Gamache closed one catalog book and turned to another, his finger working down the long pages with the precise writing.

 

“Found one,” said Elizabeth a few minutes later. “It’s 9-8466 to 9-8594. Donated in 1899 by Madame Claude Marchand of Montreal.”

 

“Nothing more specific?” Gamache asked, his heart sinking. Those were the only entries that might be what Augustin Renaud was interested in but he found it hard to believe a trip in the 1830s around Africa was of interest to the Champlain expert, or a collection of sermons. Even less promising was a lot of more than one hundred books given by a woman in Montreal. Still, it was the only lead.

 

“Are those books still in the library?”

 

“Let’s see,” said Winnie, taking the information over to their “modern” system. A card catalog.
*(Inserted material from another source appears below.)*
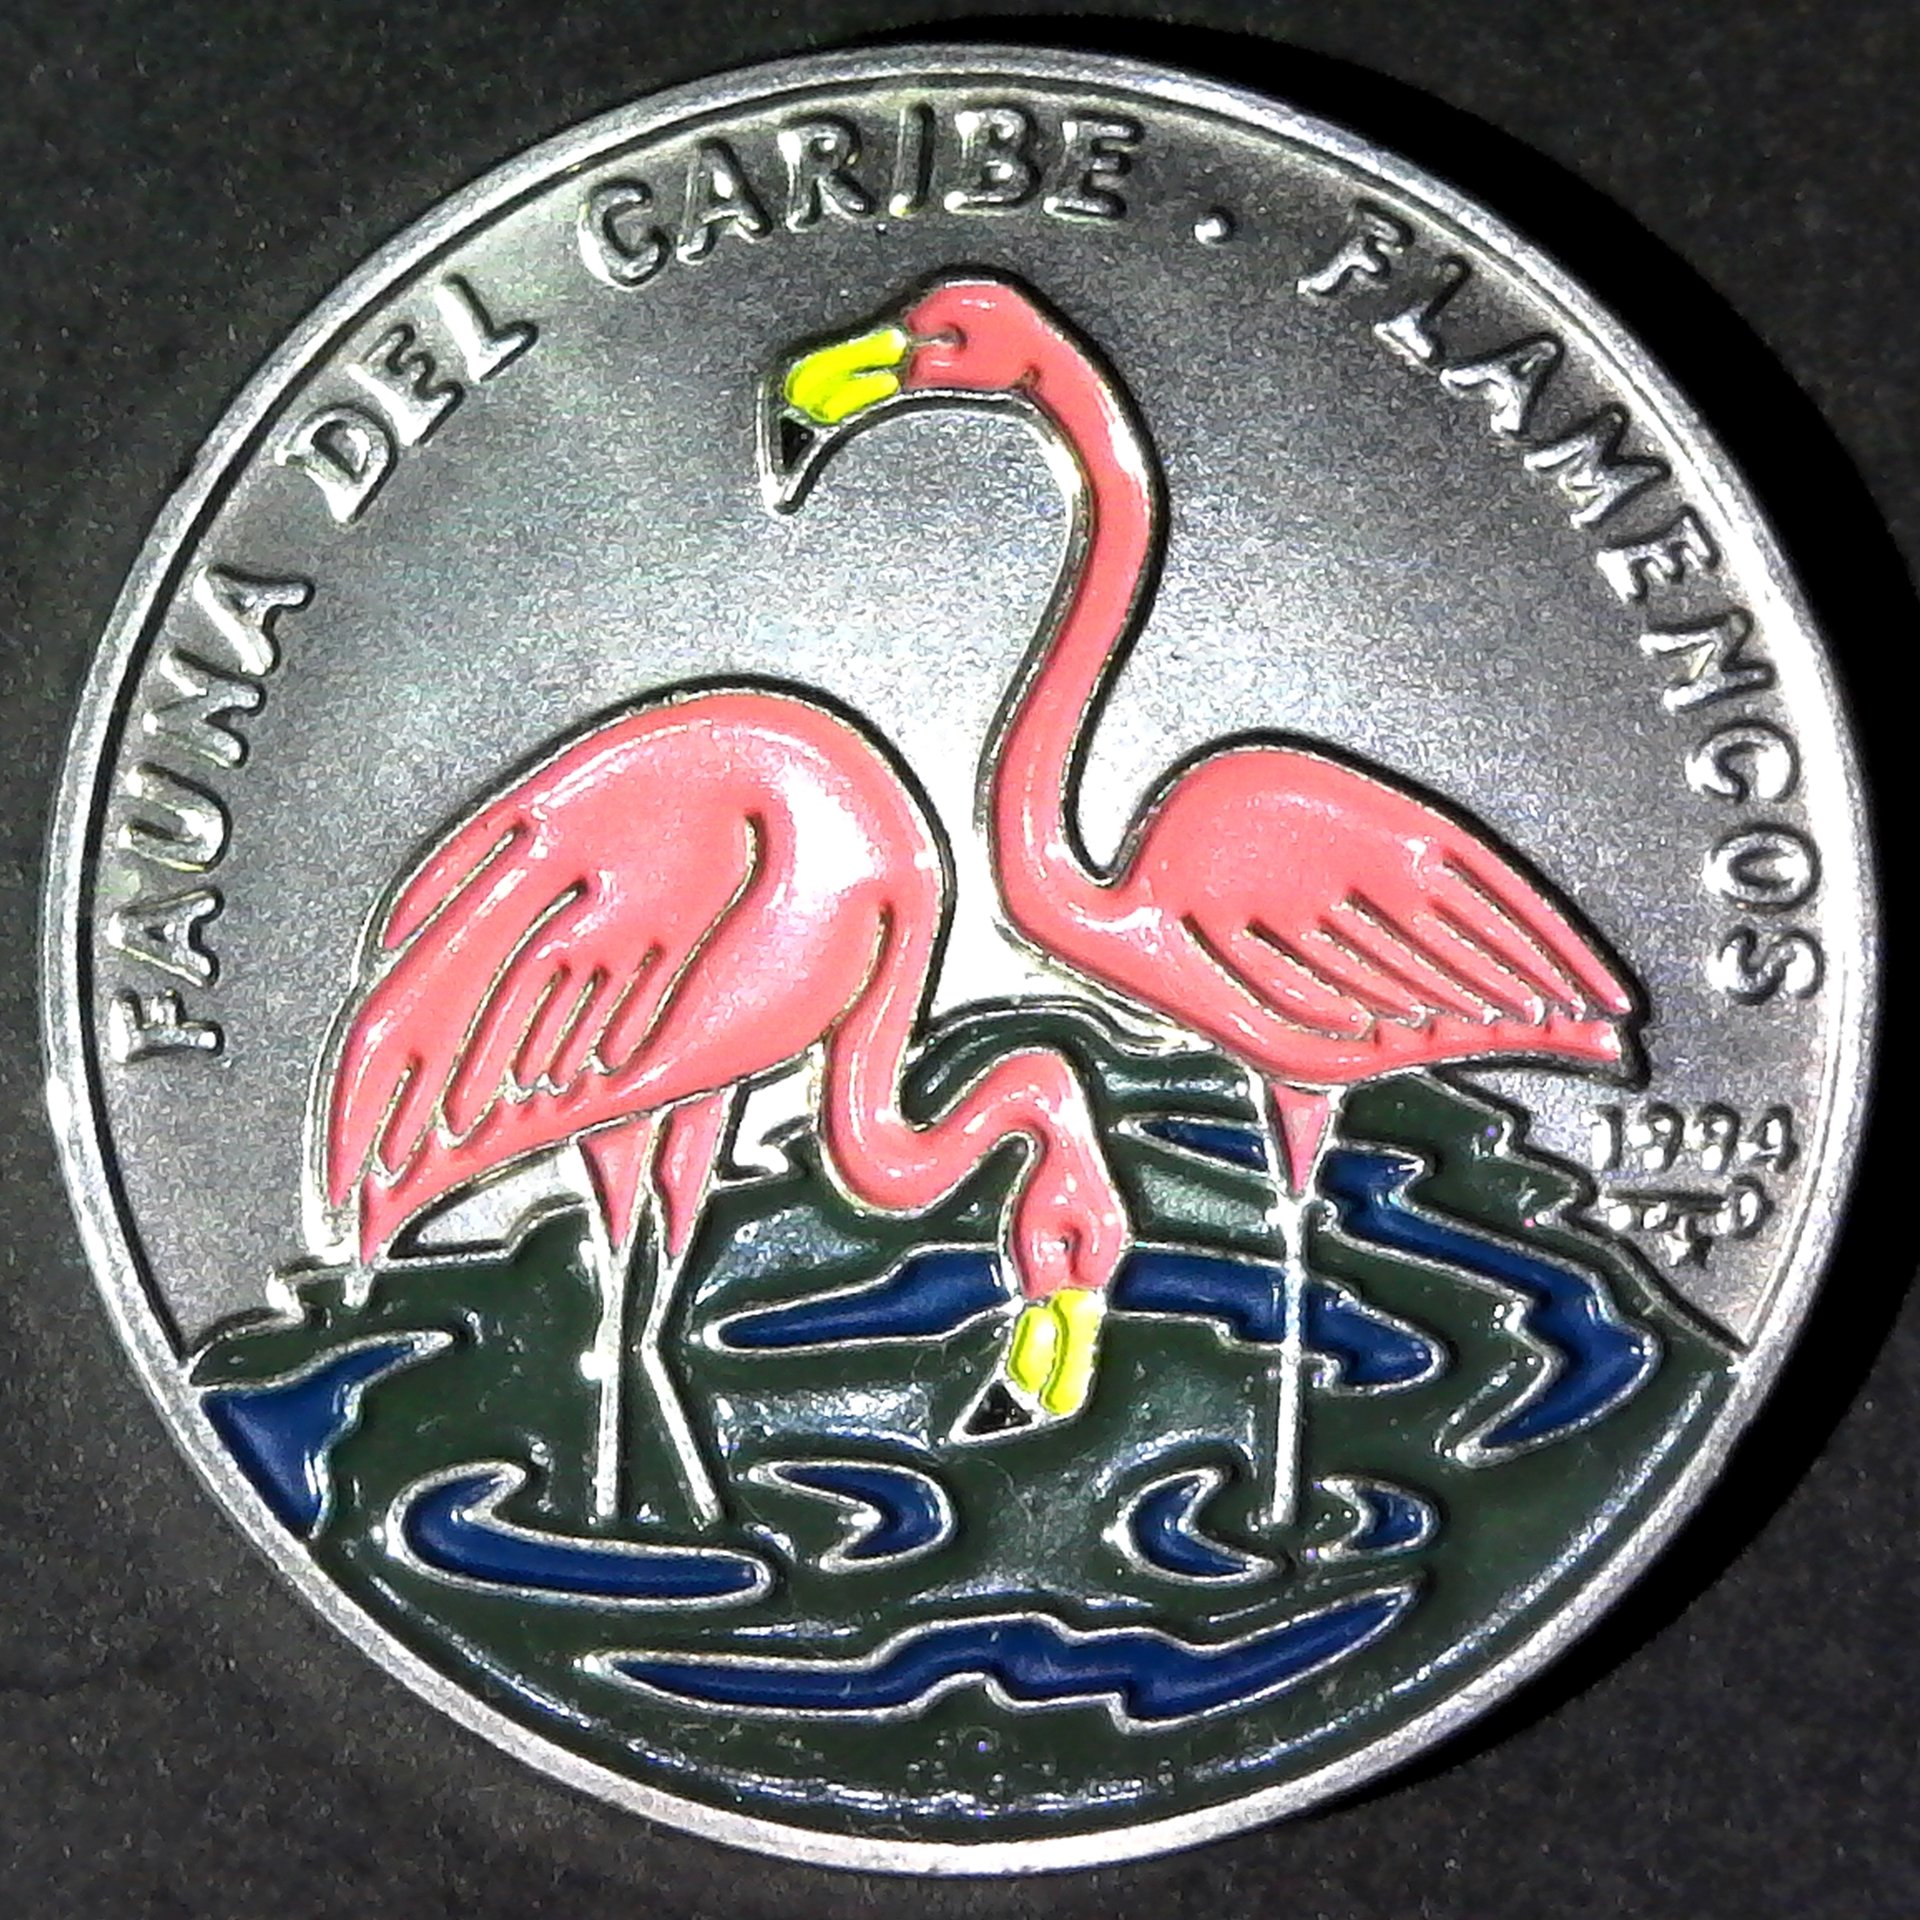 Cuba 1994 flamingo obv.jpg

After a few minutes she looked up.

 

“The sermon book is in the library, though it hasn’t been given a Dewey number yet. The horn of Africa one must still be in a box somewhere.”

 

“And the Montreal lot?” Gamache asked.

 

“I don’t know. All we have here is the lot number. It doesn’t say what happened to the specific books.”

 

“May I have the book of sermons, please?”

 

Winnie found it in the library and signed it out to him. He was the first to ever take it out. Gamache thanked them and left, walking with Henri back down the hill, their feet making prints side-by-side in the fluffy snow.

 

Once home he went onto his laptop and started searching. émile returned and made a simple dinner of clay pot chicken and vegetables. After dinner Gamache went back to work, trying to track down Colonel Ephram Hoskins and Kathleen Williams. Colonel Hoskins died of malaria and was buried in the Congo. His book was considered important at the time then quickly fell into obscurity.

 

There was absolutely no connection to Champlain, Québec or Renaud.

 

Kathleen Williams turned out to be a steadfast benefactor of the Anglican Cathedral of Holy Trinity in old Québec. Her husband was a prosperous dry goods merchant and her son became a ship’s captain. Gamache stared at the scant information, willing something to jump out at him, some connection he was missing.

 

Still sitting at the desk he scanned the book of sermons, a collection of stern Victorian lectures. Nothing about Québec, Champlain, or God as far as Gamache could tell.